The Davey and Kent commissions taught us everything we need to know about the value of a free press and how to maintain it but our political masters stood by and allowed the media to be swallowed up wholesale by a few rival corporate interests. Concentration of ownership and media cross-ownership ensued, a race to the bottom. Journalism became an endangered career. Newsrooms across the country were gutted. The range of voices and outlooks narrowed. The delivery of factual information yielded to messaging. The public came to believe whatever they were told over and over again. This was all purposefully engineered and the payoff is in the state of our conditioned society today.

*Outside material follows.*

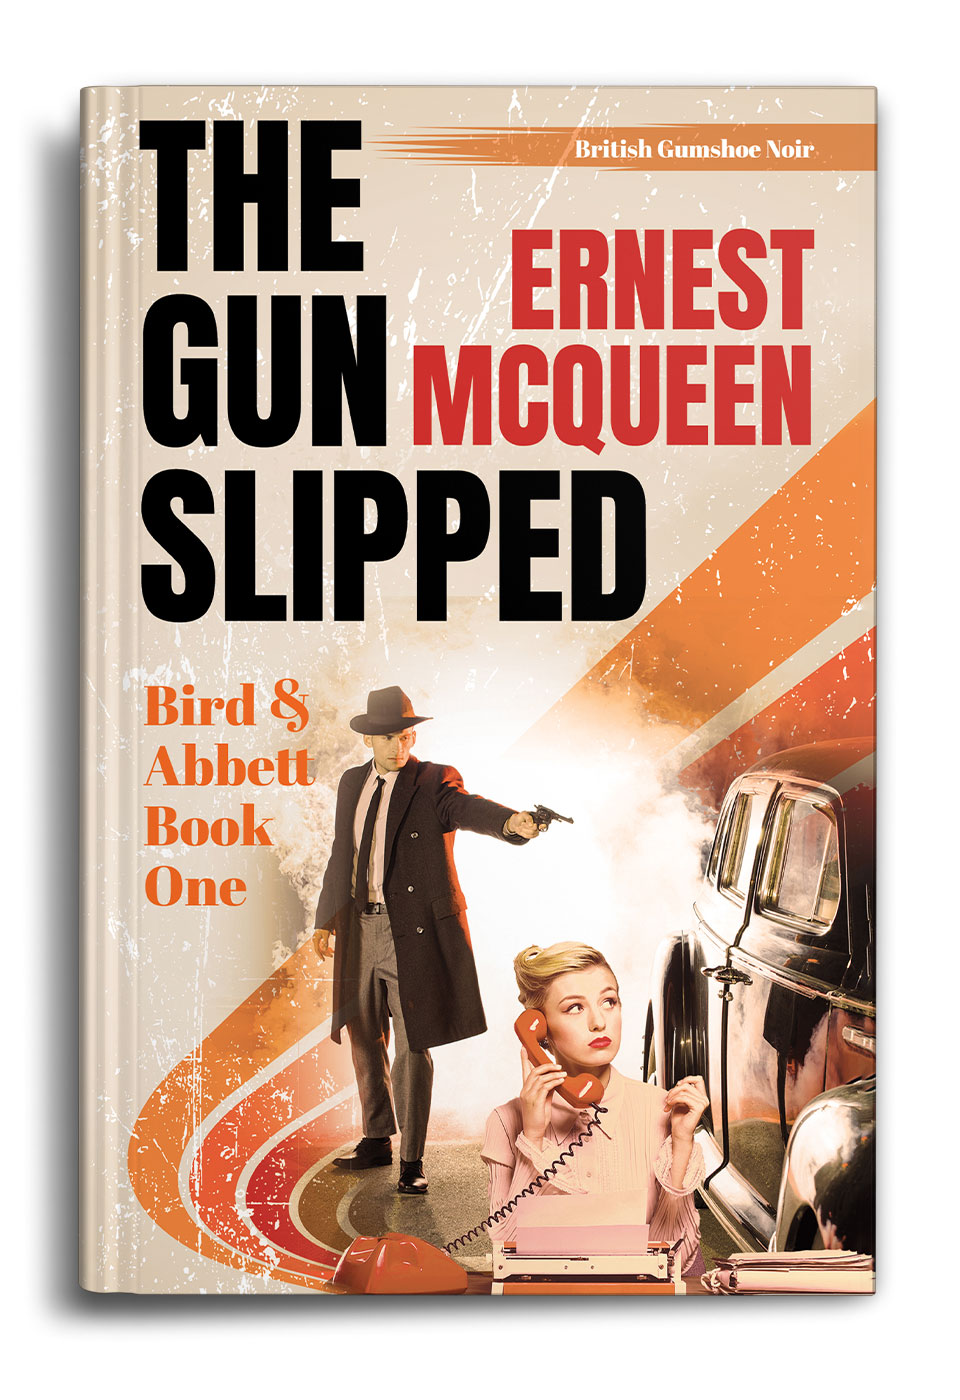 The-Gun-Slipped-by-Ernest-McQueen

It's no coincidence that hacks like Ibbitson, Coyne and Murphy now dish up garbage. There are no Doug Fishers, Alan Fotheringhams or Jack Websters, the old ink-stained brigade, any longer. They were flawed, to be sure, but still a damn sight better than the current offerings.
There are hopeful signs, oddly enough in the United States where the media are collaborating on the catastrophe in Washington. News organizations now freely exchange information. They build the story on each other's contributions. McClatchey has this, WaPo has that, the NYT has learned this, CBS adds this while NBC has a look at something else. Together they're building a powerful information matrix. No longer are they confined to packs, all covering the same story and only that story. It works because they freely credit each other for their contributions in order to incorporate that piece of the puzzle into their own story. It even has the news side of FOX, especially Shep Smith, supporting the collective. Ya gotta love it.
It's interesting that some reporters are crediting other reporters from rival news organizations, Mound, and building on the work of their confreres. Perhaps they understand the gravvity of their situation. If they don't hang together, they'll all hang separately.